## Record excerpts
───

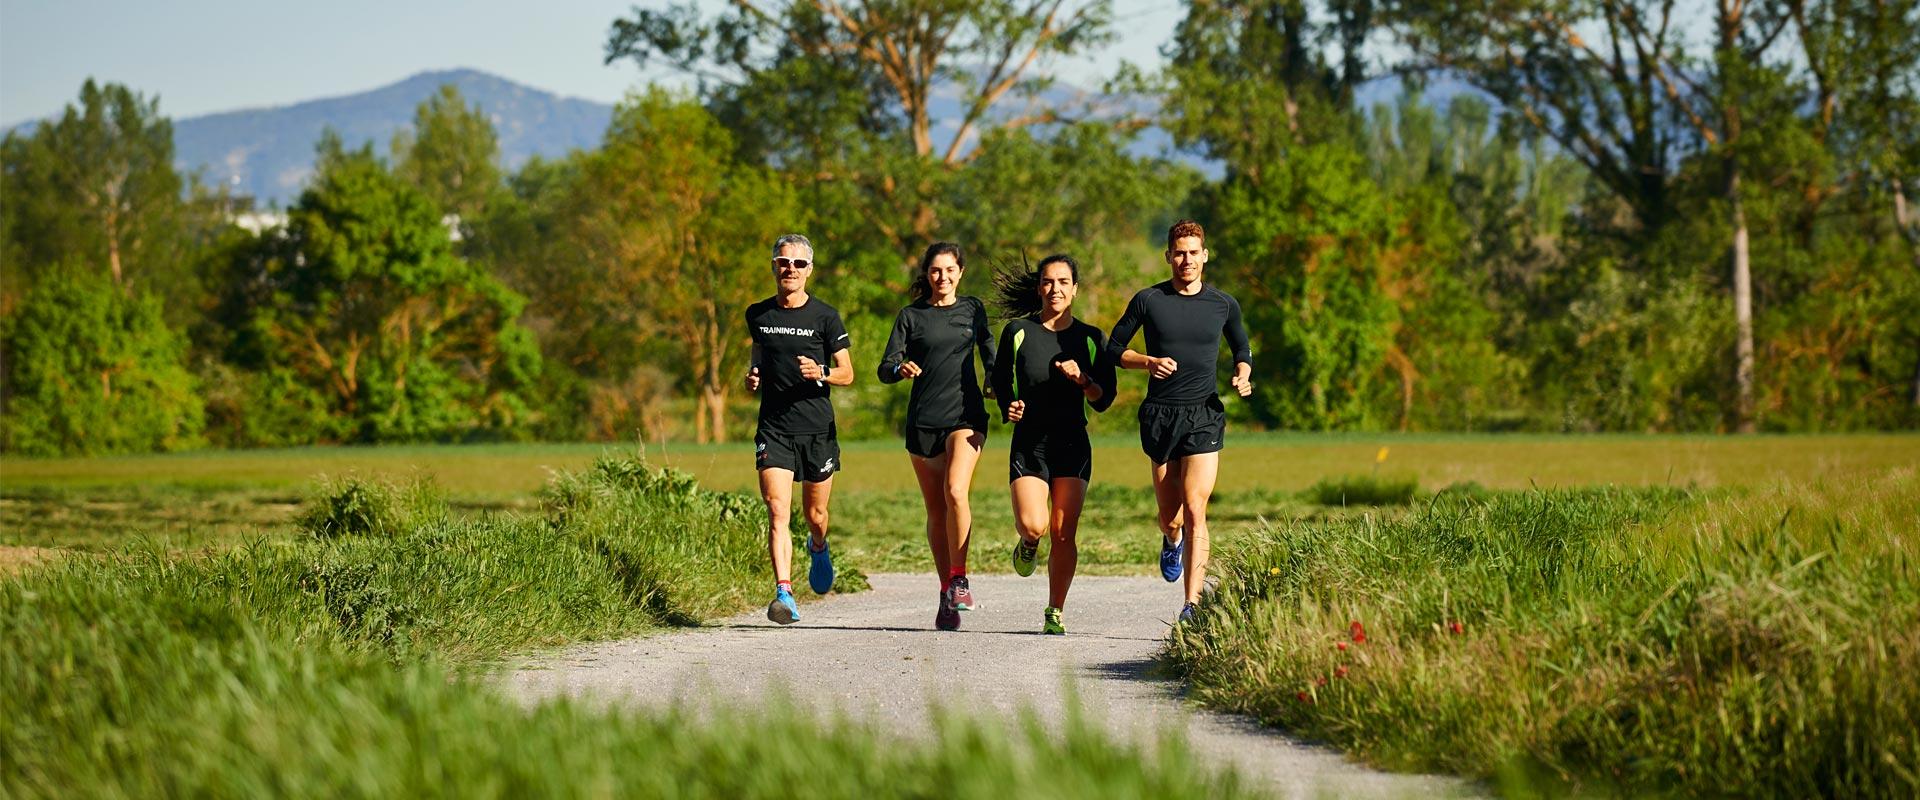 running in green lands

───

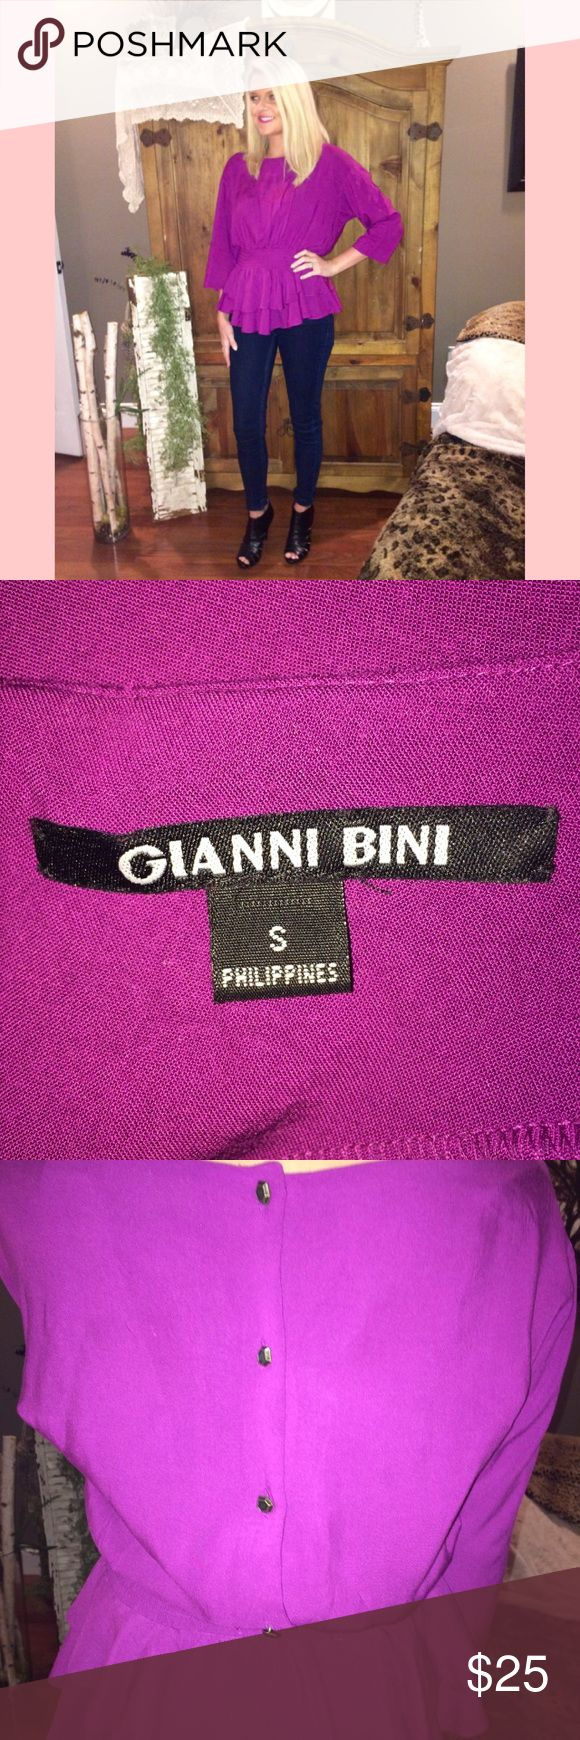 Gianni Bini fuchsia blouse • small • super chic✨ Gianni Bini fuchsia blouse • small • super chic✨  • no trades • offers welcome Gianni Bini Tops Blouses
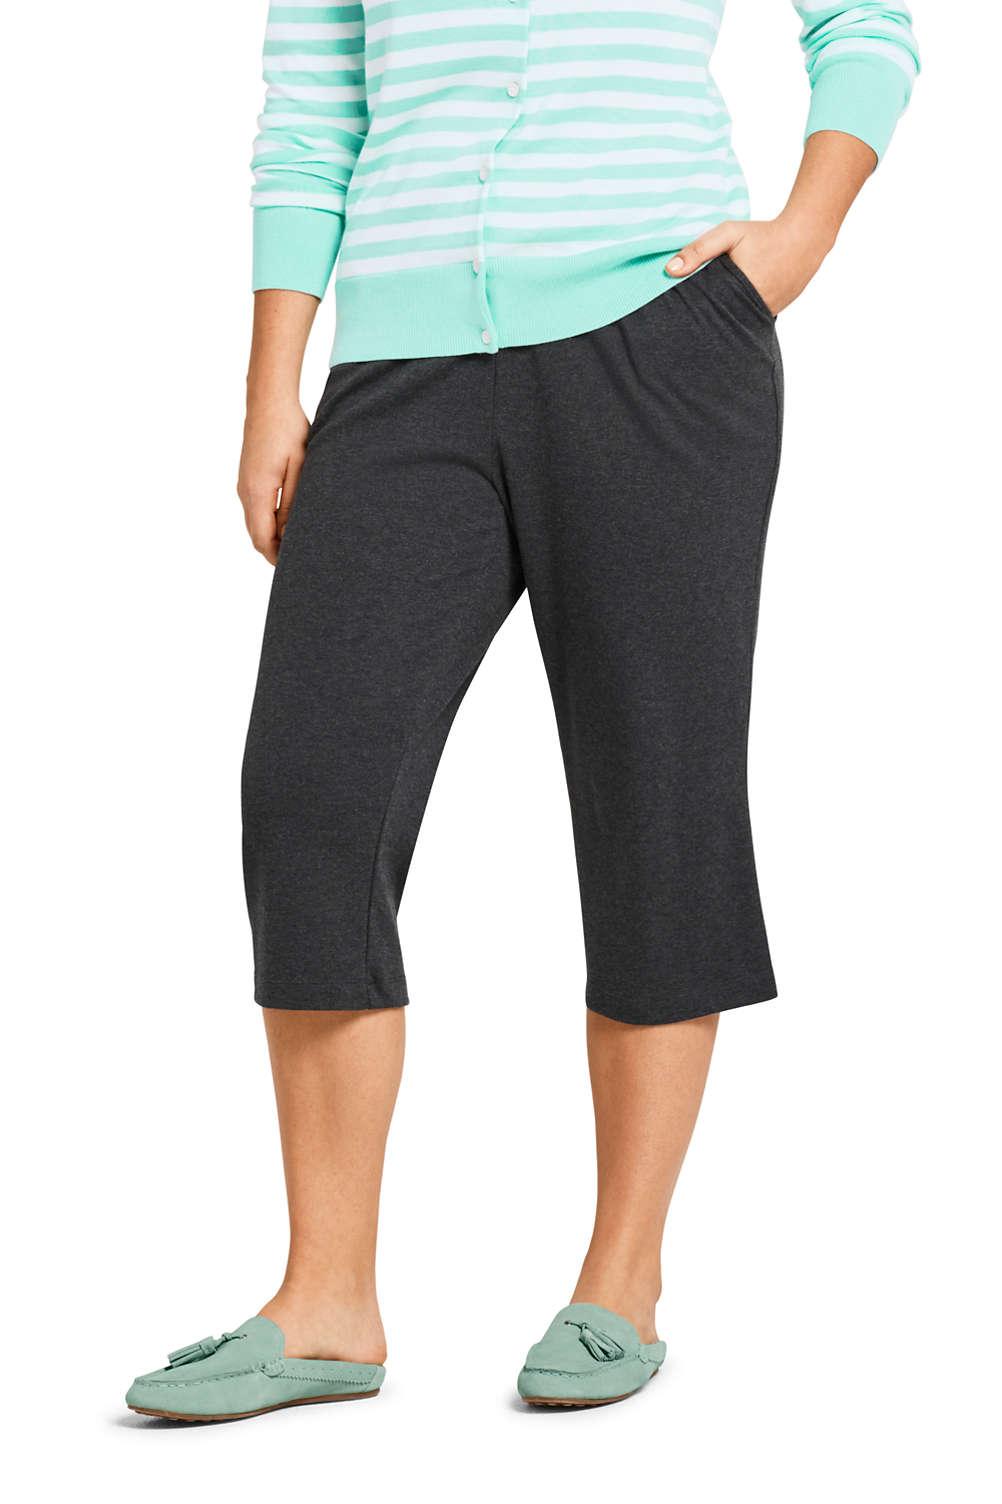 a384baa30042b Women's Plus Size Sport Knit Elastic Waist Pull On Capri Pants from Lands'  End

───

## What you have to do
Starting at the line containing "Gianni Bini fuchsia blouse • small • super chic✨ Gianni" and finishing at the line containing "a384baa30042b Women's Plus", return those lines exactly as they appear above, without the pictures.

## Written reply
 Gianni Bini fuchsia blouse • small • super chic✨ Gianni Bini fuchsia blouse • small • super chic✨  • no trades • offers welcome Gianni Bini Tops Blouses
 a384baa30042b Women's Plus Size Sport Knit Elastic Waist Pull On Capri Pants from Lands'  End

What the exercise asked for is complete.